- Country: Afghanistan
- Location: Surobi District, Kabul Province
- Coordinates: 34°33′21″N 69°28′45″E﻿ / ﻿34.55583°N 69.47917°E
- Purpose: Electricity
- Status: Operational
- Construction began: 1952
- Opening date: 1966
- Owner: Ministry of Energy and Water

Dam and spillways
- Type of dam: Gravity
- Impounds: Kabul River
- Height: 10 m (33 ft)
- Length: 67 m (220 ft)
- Elevation at crest: 1,645 m (5,397 ft)

Power Station
- Operator: Da Afghanistan Breshna Sherkat
- Annual generation: 40 MW

= Mahipar Dam =

Dam in Kabul Province of Afghanistan

The Mahipar Dam is located on the Kabul River next to the Kabul–Jalalabad Road in the western part of the Surobi District in Kabul Province of Afghanistan.
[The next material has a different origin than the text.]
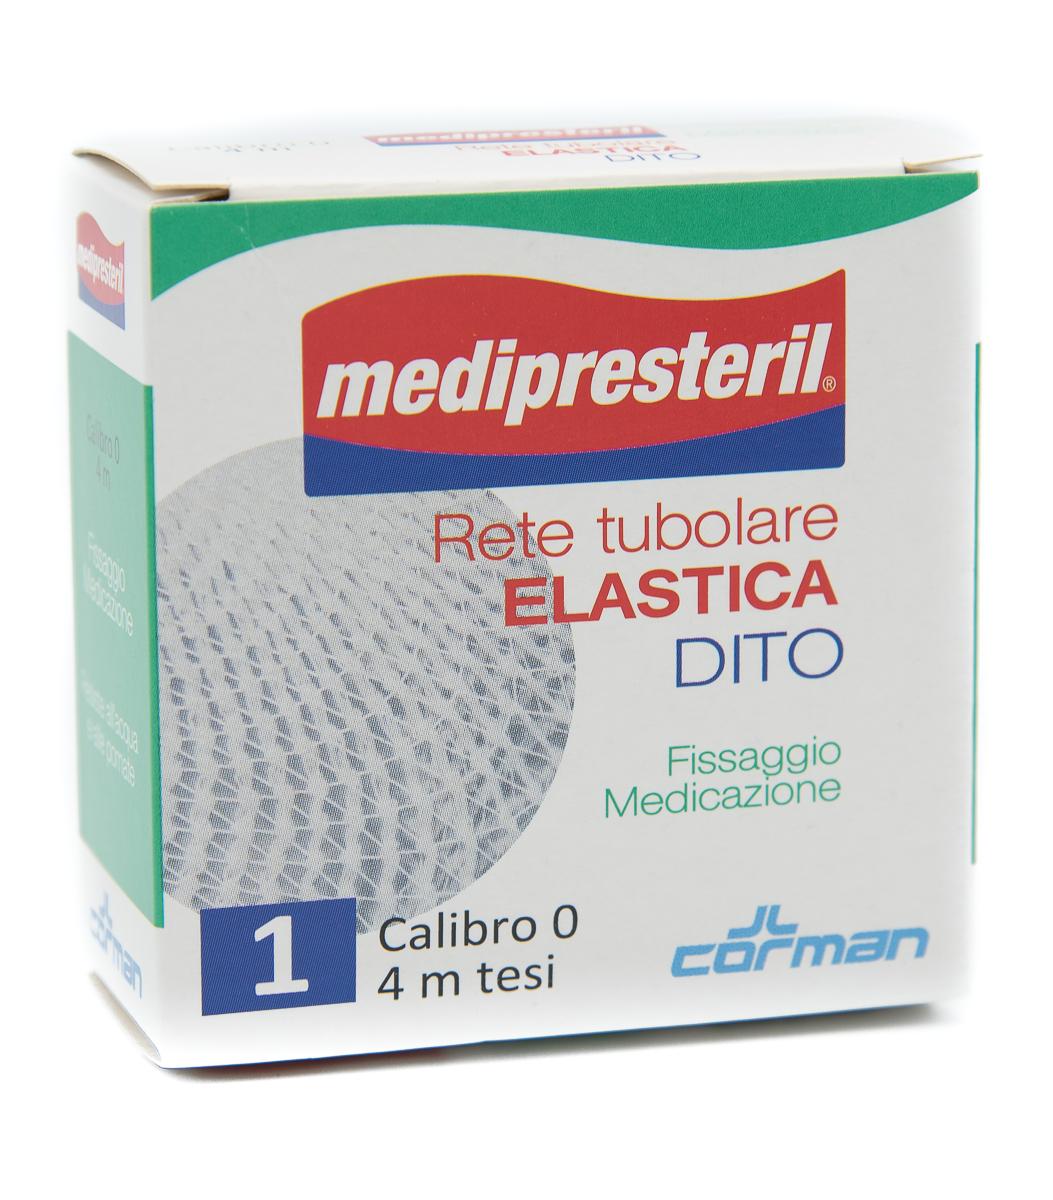 CORMAN SpA Medipresteril Rete Tubolare Elastica Dito Calibro 0 4 Metri 1pz

It is about 30 km away from the center of Kabul. It is a gravity dam owned and maintained by the country's Ministry of Energy and Water.

The Mahipar Dam was built in 1952 with the cooperation of Germany. It has a power station with 3 turbines that produce up to 40 megawatts of electricity. The power station is operated by Da Afghanistan Breshna Sherkat.